### Home > CCA2 > Chapter C > Lesson C.1.1 > ProblemC-10

C-10.

Find the real solutions to the equations below using any method of your choice.

1.  $2x^2=2−3x$

Rewrite the equation in standard form.
$2x^2+3x=2−3x+3x$
$2x^2+3x=2$
$2x^2+3x−2=2−2$
$2x^2+3x−2=0$

Solve by Zero Product Property:

Factor the equation:
$2x^2+3x−2=0$
$(2x−1)(x+2)=0$

Get the roots from the factors.
$(2x−1)=0$
$x=0.5$

$(x+2)=0$
$x=−2$

In the quadratic formula, substitute the coefficient of $x^2$ for $a$, the coefficient of $x$ for $b$, and the third term for $c$.

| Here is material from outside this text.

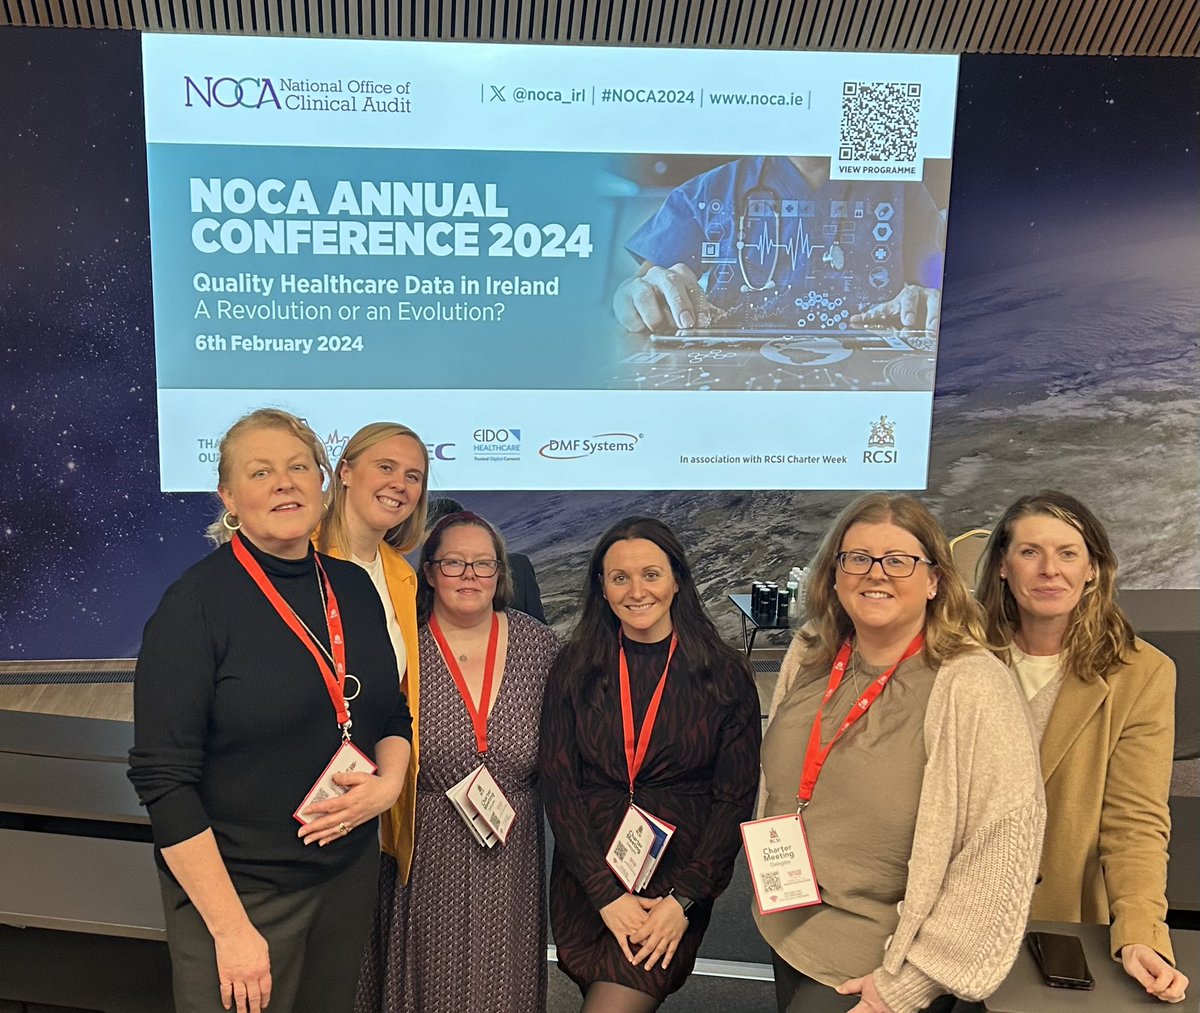 Highly commended award for the OLOL analgesia project and its multiple spin off projects. It’s a great achievement to make one of the 4 finalists out of 490 submissions. Well done to all the staff in OLOl especially the staff on our orthopaedic ward. #NOCA2024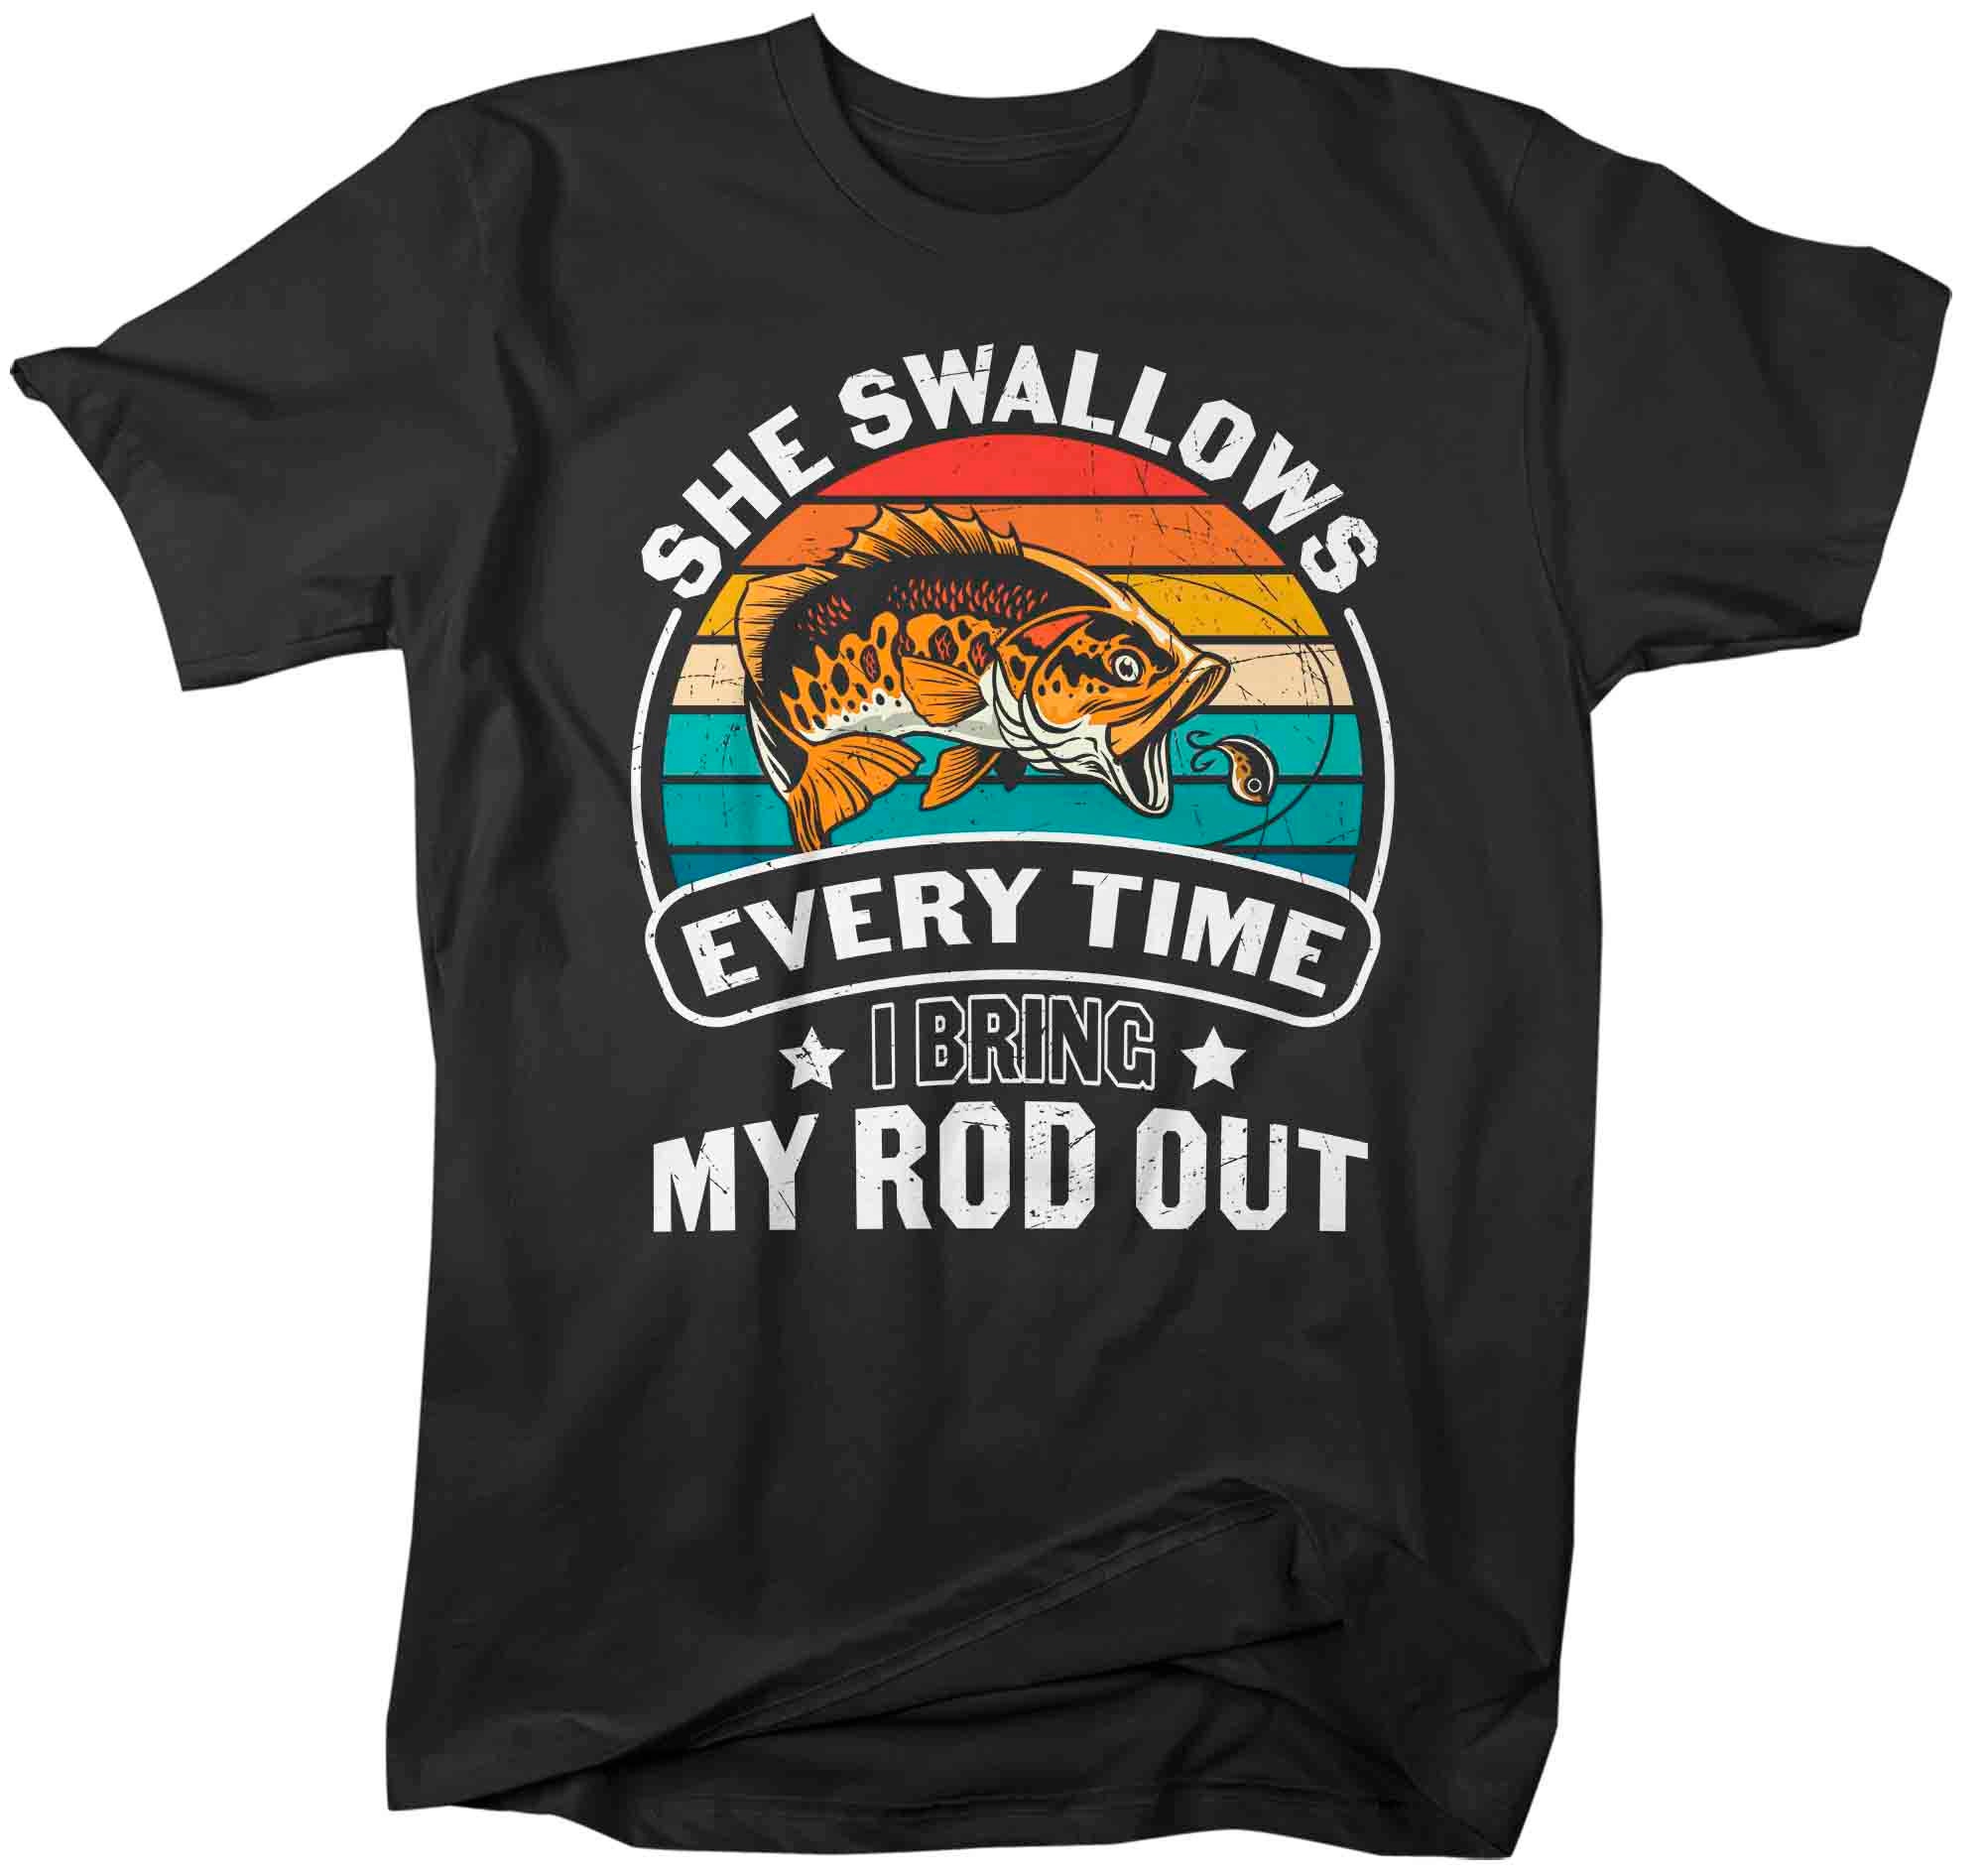 Play With My Rod & Swallow Funny Dirty Adult Fishing Pun Long Sleeve T-Shirt

$x = \frac {-b \pm \sqrt {b^2 - 4 ac}}{2a}$

$x = \frac {-3\; \pm\; \sqrt {3^2\; -\; 4(2)(-2)}}{2(2)}$

Simplify.

$\textit{x}\; =\; \frac {-3\; \pm\; \sqrt {9\; +\; 16}}{4}$

$x = \frac {-3\; \pm\; \sqrt{25}}{4}$

$x = \frac {-3\; \pm\; 5}{4}$

$x=\left\{\frac{2}{4},-\frac{8}{4}\right\}$

$\textit{x}=\frac{1}{2}, -2$

2.  $(2x−3)^2+4=0$

See the help for part (a).

This quadratic is not factorable. What happens when you use the other two methods? Are there any real solutions?